I am currently a research scientist intern at Meta AI. I work on vision, robotics and machine learning at Princeton PIXL Group with recent interest in world models.

   /      /      /  

Publications

(* indicates equal contribution)   [Show more]

Large Animation Foundation Model for Diverse Skeletons

Linzhan Mou, et al., Adam Finkelstein, Szymon Rusinkiewicz

Under Review

Recent advances in automatic rigging now deliver animation-ready 3D assets at scale, yet generating the motion to drive them remains a bottleneck. Existing learned animators are topology-constrained: they rely on category-specific templates or require per-skeleton fine-tuning and reference motions at inference. We present UniMate, a unified foundation model that synthesizes articulated motion for arbitrary skeletons from a rigged 3D asset and a text prompt, with no test-time optimization or per-skeleton retraining. UniMate relies on a topology-aware diffusion transformer, which integrates skeletal topology into attention via three mechanisms: (1) a graph-aware attention bias from pairwise joint relations and geodesic distances; (2) a spectral rotary position embedding generalizing RoPE to arbitrary kinematic trees via the graph Laplacian; and (3) a global topological conditioner attention-pooled from the rest-pose skeleton. We also curate UniML3D, 13,006 motion sequences spanning bipedal, quadrupedal, avian, marine, insectoid, serpentine, and articulated rigid objects with unified canonicalization and text pairing. Trained on this dataset, UniMate outperforms state-of-the-art baselines in quality, generalization, and efficiency, and supports zero-shot cross-topology transfer, in-betweening, expansion and text-guided editing.

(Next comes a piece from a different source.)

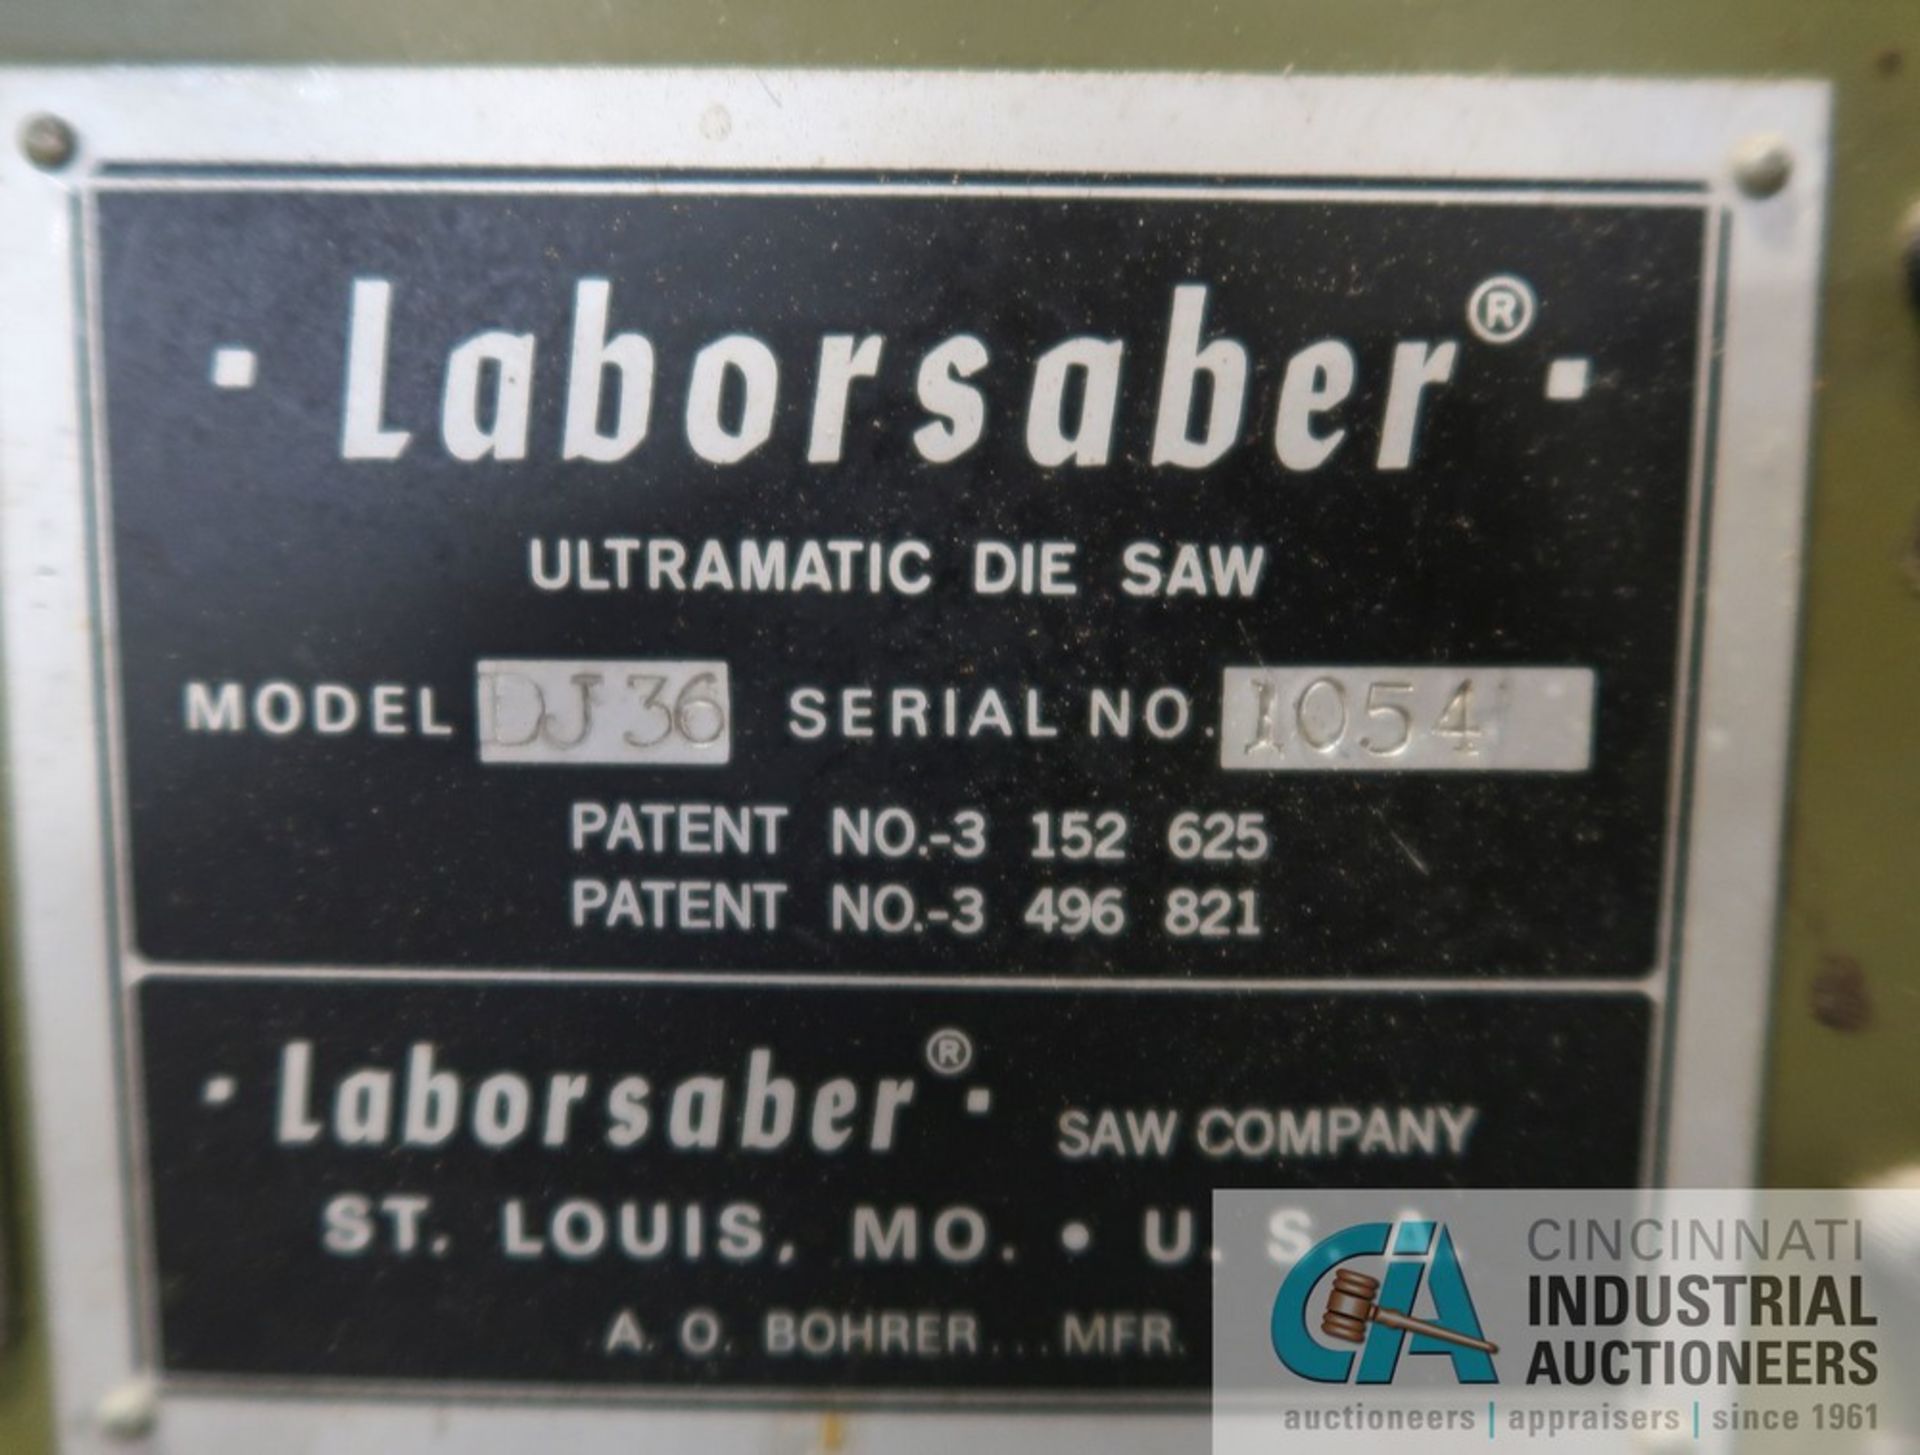 LABORSABER MODEL DJ36 ULTRAMATIC DIE SAW; S/N 1054 - Image 6 of 6

DIMO: Diverse 3D Motion Generation for Arbitrary Objects

Linzhan Mou, Jiahui Lei, Chen Wang, Lingjie Liu, Kostas Daniilidis

ICCV 2025 (Highlight)

We present DIMO, a generative approach capable of generating diverse 3D motions for arbitrary objects from a single image. The core idea of our work is to leverage the rich priors in well-trained video models to extract the common motion patterns and then embed them into a shared low-dimensional latent space. Specifically, we first generate multiple videos of the same object with diverse motions. We then embed each motion into a latent vector and train a shared motion decoder to learn the distribution of motions represented by a structured and compact motion representation, i.e., neural key point trajectories. The canonical 3D Gaussians are then driven by these key points and fused to model the geometry and appearance. During inference time with learned latent space, we can instantly sample diverse 3D motions in a single-forward pass and support several interesting applications including 3D motion interpolation and language-guided motion generation.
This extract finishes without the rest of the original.